Hi there, thanks for getting in touch. It seems the problem is that your input folder only contains 3 genomes:
(from your log)
Mapping "phylophlan" on 3 inputs (key: "map_dna")
Mapping "./phylophlan_output/fasta_contigs_phylophlan_test_slurm/tmp/clean_dna/2001.contigs.fasta"
"2001.contigs.b6o.bkp" generated in 10182s
Mapping "./phylophlan_output/fasta_contigs_phylophlan_test_slurm/tmp/clean_dna/2002.contigs.fasta"
"2002.contigs.b6o.bkp" generated in 6509s
Mapping "./phylophlan_output/fasta_contigs_phylophlan_test_slurm/tmp/clean_dna/2003.contigs.fasta"
"2003.contigs.b6o.bkp" generated in 4223s
and then all markers are discarded because the minimum number of genomes for building a phylogeny is 4. Can you double-check the extension(s) of your input files and make sure all have the .fasta as you specified and then are correctly loaded?

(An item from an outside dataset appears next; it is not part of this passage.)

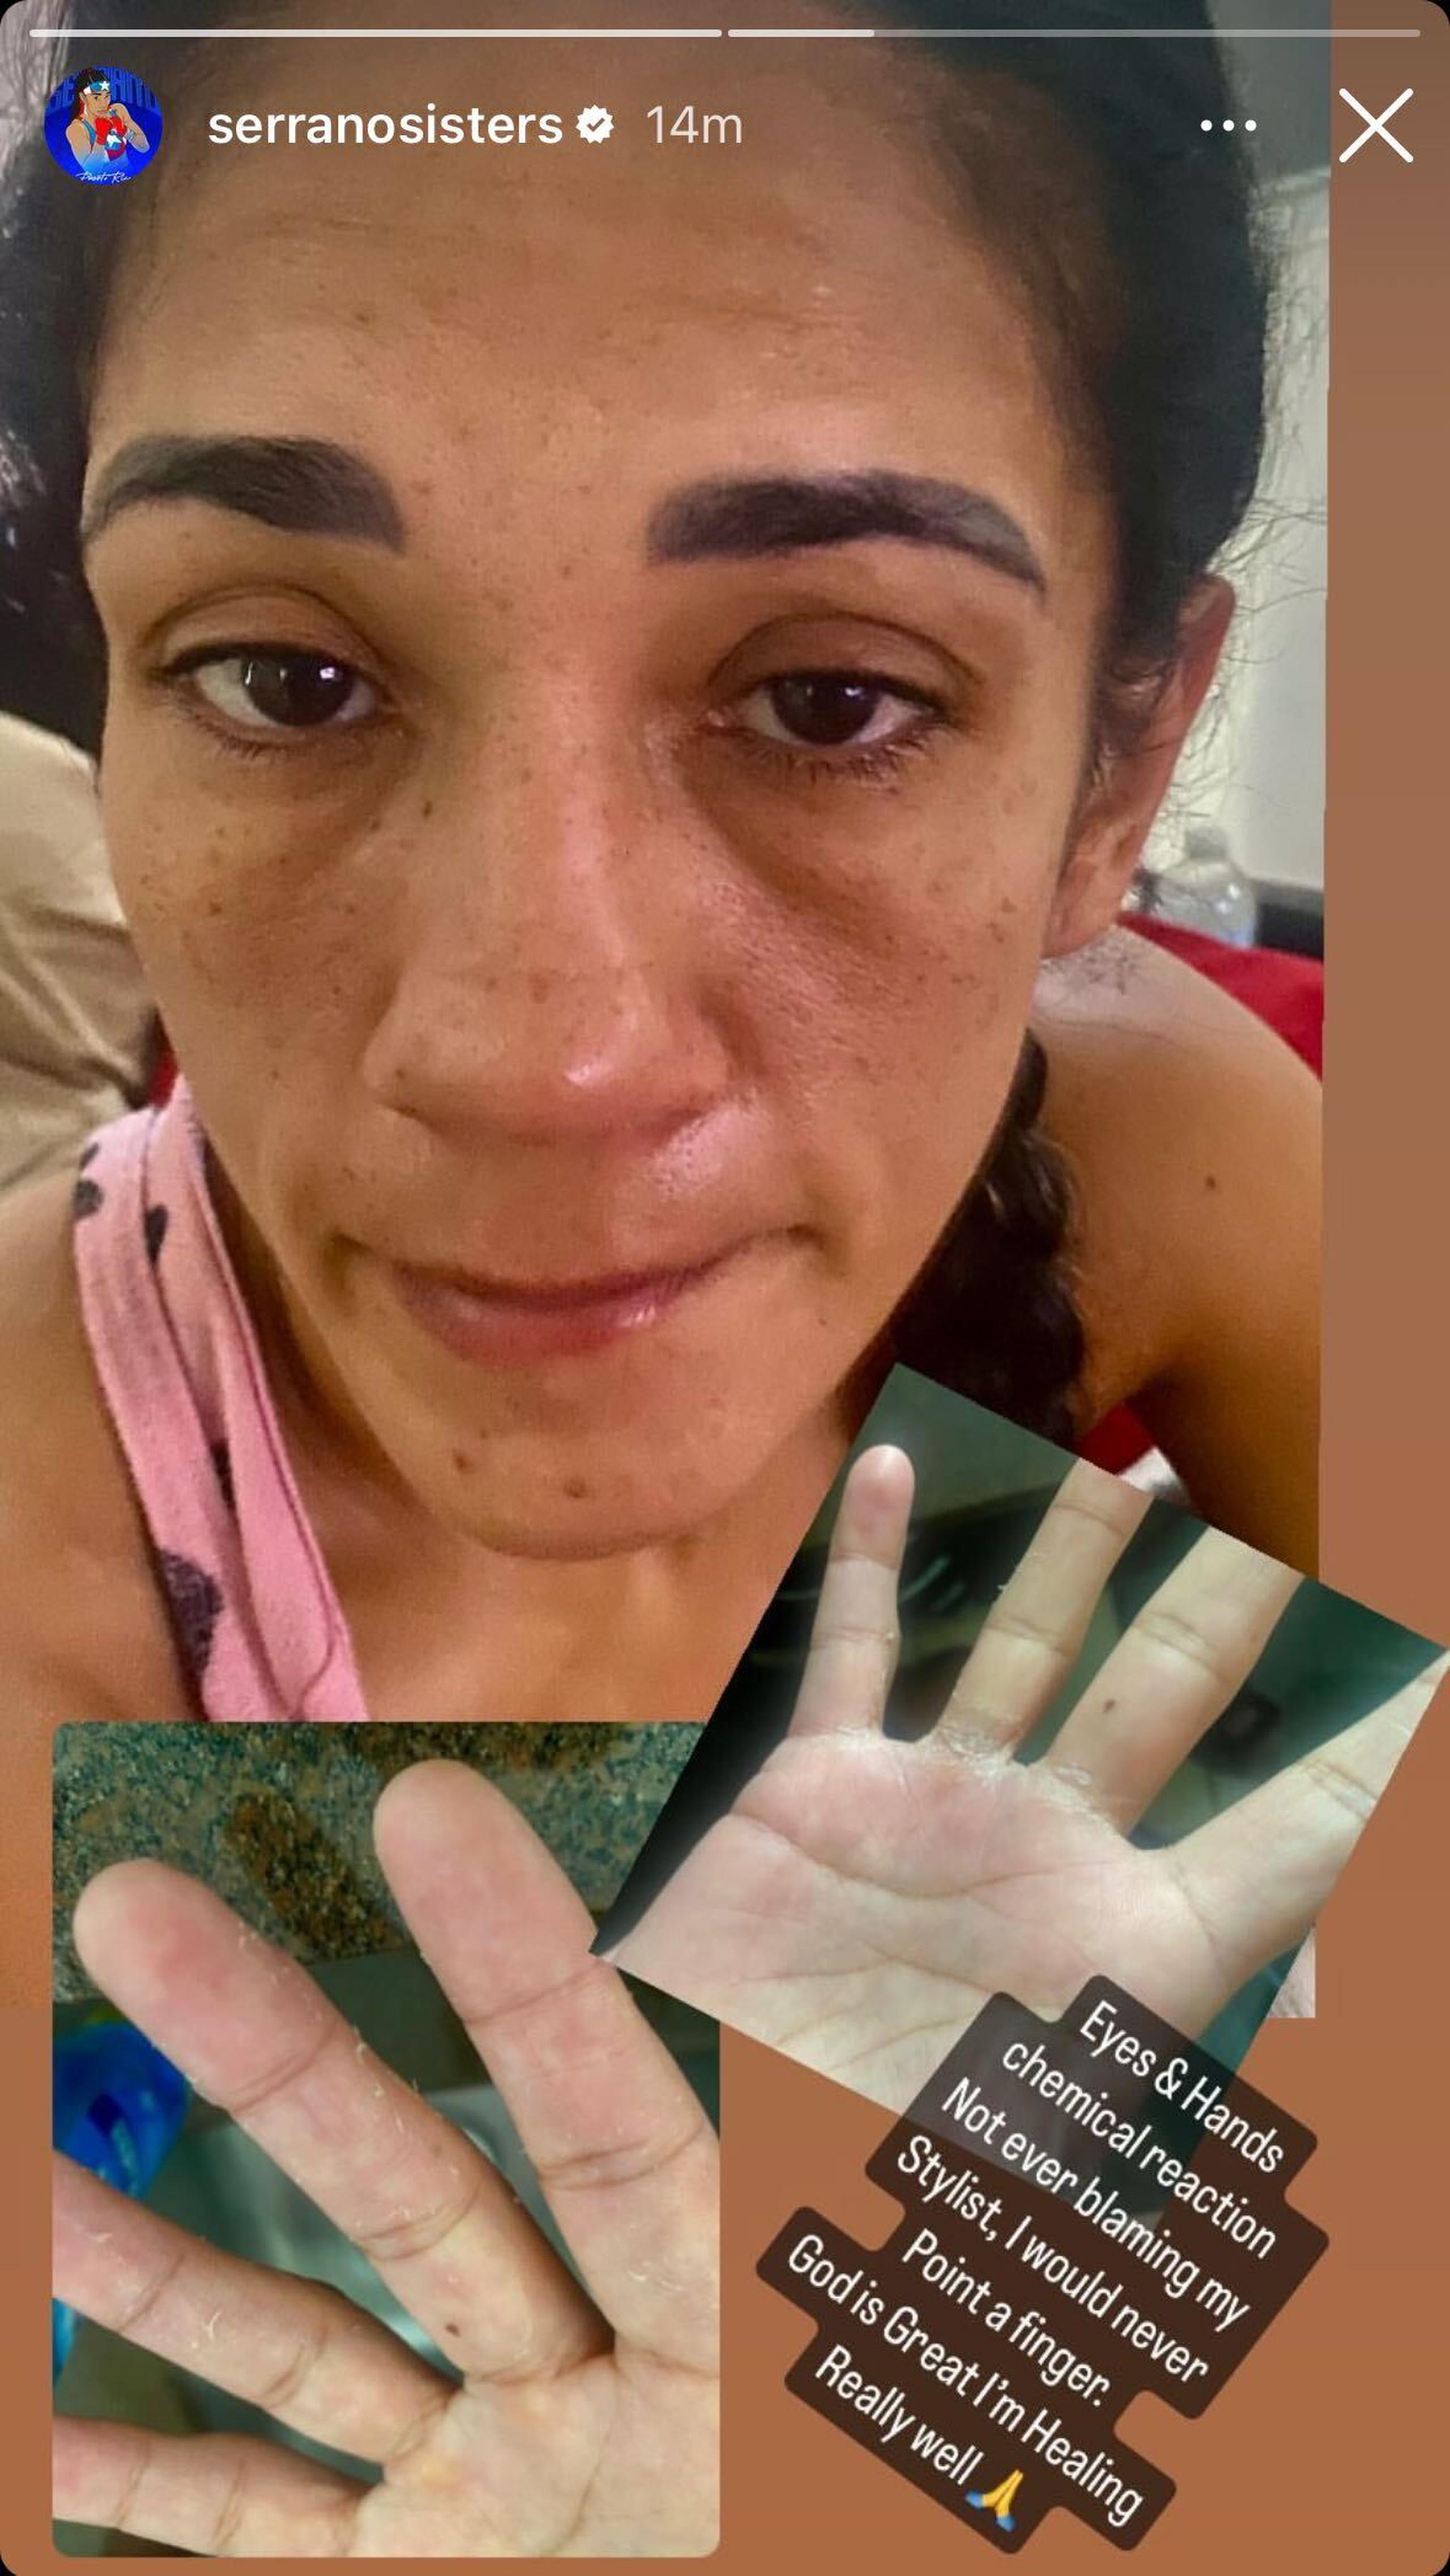 Amanda Serrano muestra sus ojos y manos tras reacción química.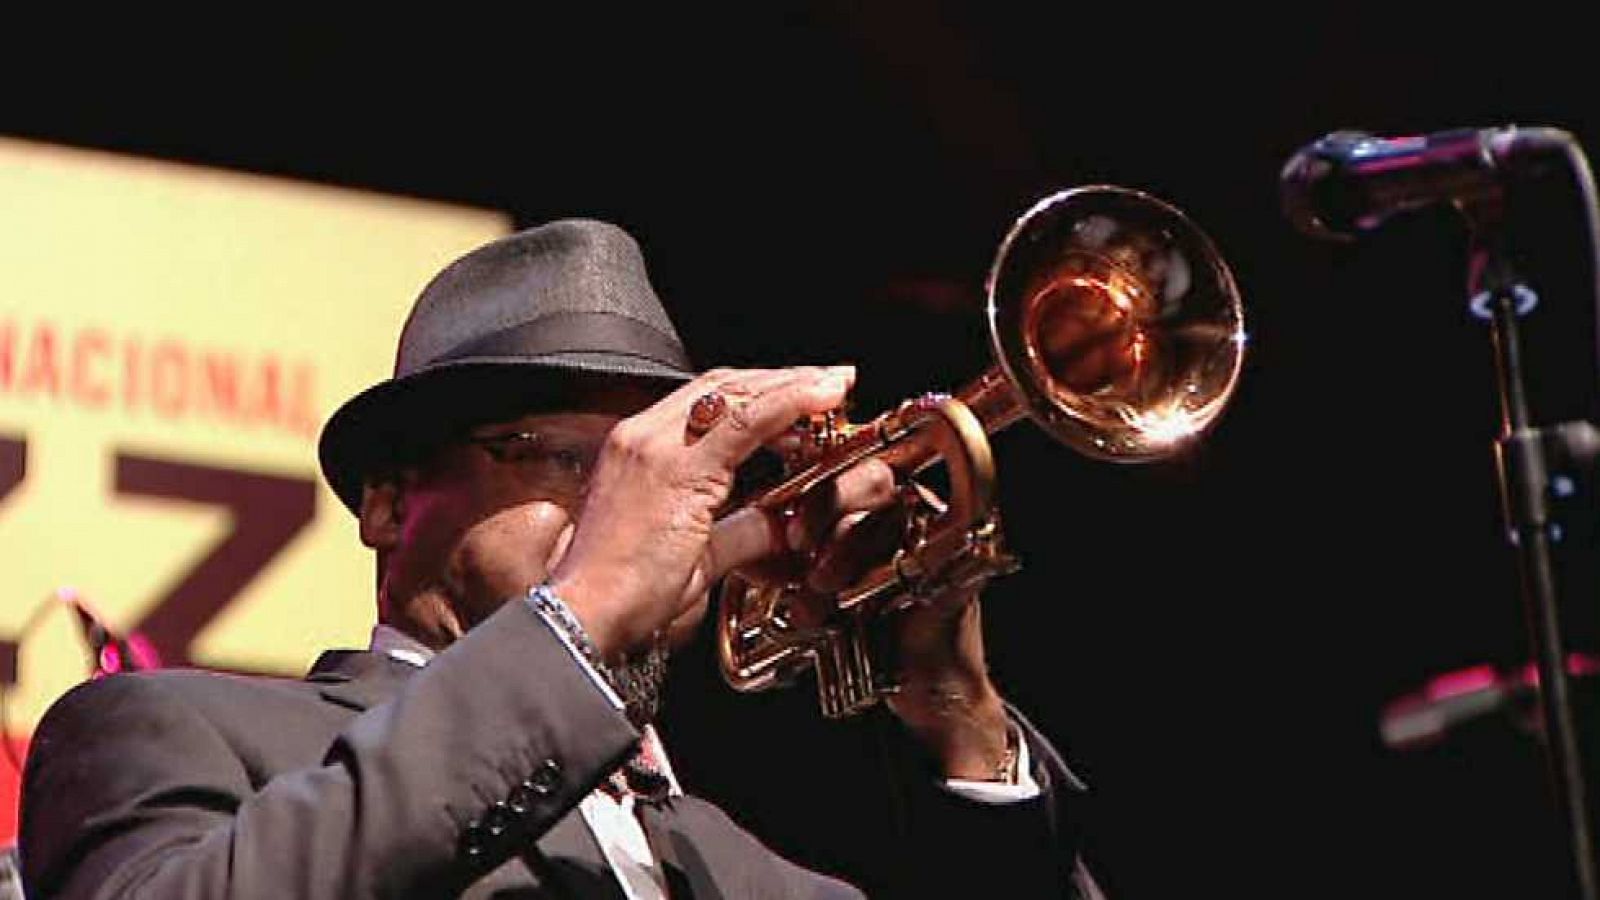 Festivales de verano - 19º Jazz San Javier: Actuación de James Brown Original Band con Martha High

This is my input files (2001.contigs.fasta, 2002.contigs.fasta, 2003.contigs.fasta). They are in .fasta format from Spades assembled contigs from fastq files generated by the shotgun sequencing. Each file is separate samples so I am running each fasta files for single phylophlan run and iterating the job. I am just running 3 samples for testing.
I cannot attach my input files here because it is large and does not accept attaching .fasta format but could you please let me know what might have caused the issue other than what you have specified in the previous response?
Hi @JWKANG, so if I understood correctly you have multiple bins (MAGs) in each of your 3 fasta files, right?
If so, then that’s the problem. PhyloPhlAn expects as inputs one file representing one genome/MAG/bin. So, you should ‘split’ your 3 fasta files into several fasta files, each one representing the different MAGs/bins. Otherwise, PhyloPhlAn will consider the 3 fasta files as representing 3 different MAGs/bins and that’s not a sufficient number for carrying out a phylogenetic analysis as the minimum in general is to have at least 4 genomes for reconstructing a phylogenetic tree.